In the DOJ’s election interference case against former President Donald Trump, the requirement by Judge Tanya Chutkan that Trump’s legal team must reveal whether it will be using a certain type of defense sounds peculiar to those whose legal education comes mainly from TV and movies.
On screens, the element of surprise — a dramatic staple — is almost always a part of any courtroom scene. So in real life, why must the defense tip its hand, revealing in broad strokes what it plans to argue?
Former U.S. Attorney Barbara McQuade gives a very succinct description of the reason that — in the real world unlike on TV — procedural matters compel the disclosure of certain future defenses. The reveal is necessary in this case because an “advice-of-counsel” defense changes the scope of discovery, the production of materials (for both sides) that are necessary in the case.
It also changes, as McQuade writes, the treatment and admissibility of certain evidence. An “advice-of-counsel” defense opens communications between the defendant and counsel to examination by the prosecution.

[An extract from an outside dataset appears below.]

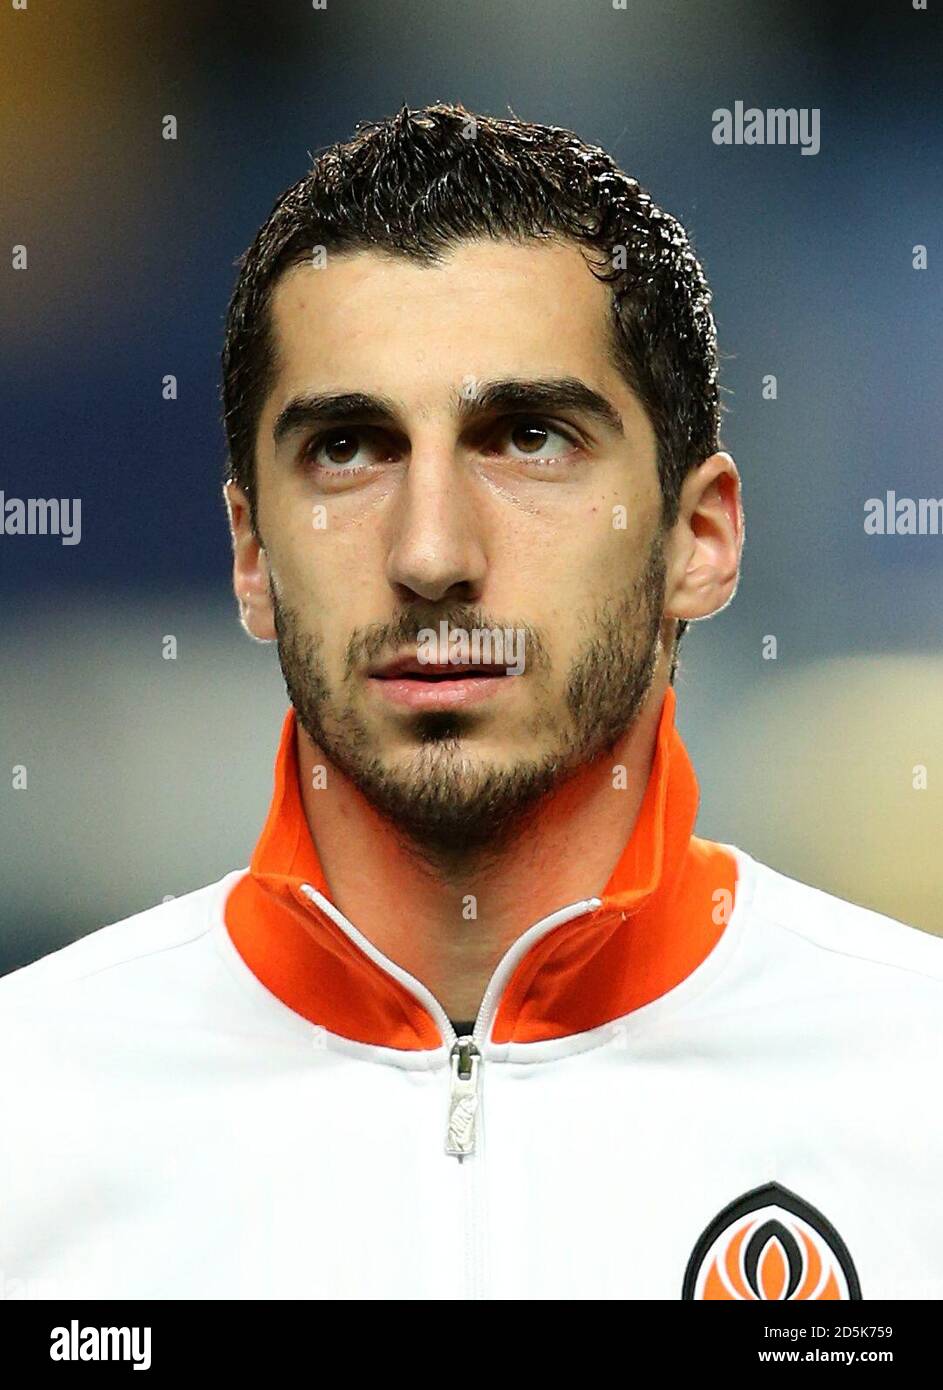 Mkhitaryan is not only Shakhtar's best player

This is big and appropriate. If Trump plans to use advice of counsel defense at trial in election interference case, he waives attorney-client privilege and must turn over documents to prosecution. He can’t have it both ways. Good day for the rule of law. https://t.co/6DCrEN65gP
— Barb McQuade (@BarbMcQuade) November 8, 2023
As McQuade says: “If Trump plans to use advice of counsel defense at trial in election interference case, he waives attorney-client privilege and must turn over documents to prosecution.” Chutkan has required Trump to disclose whether he intends to use the advice-of-counsel defense by January 15.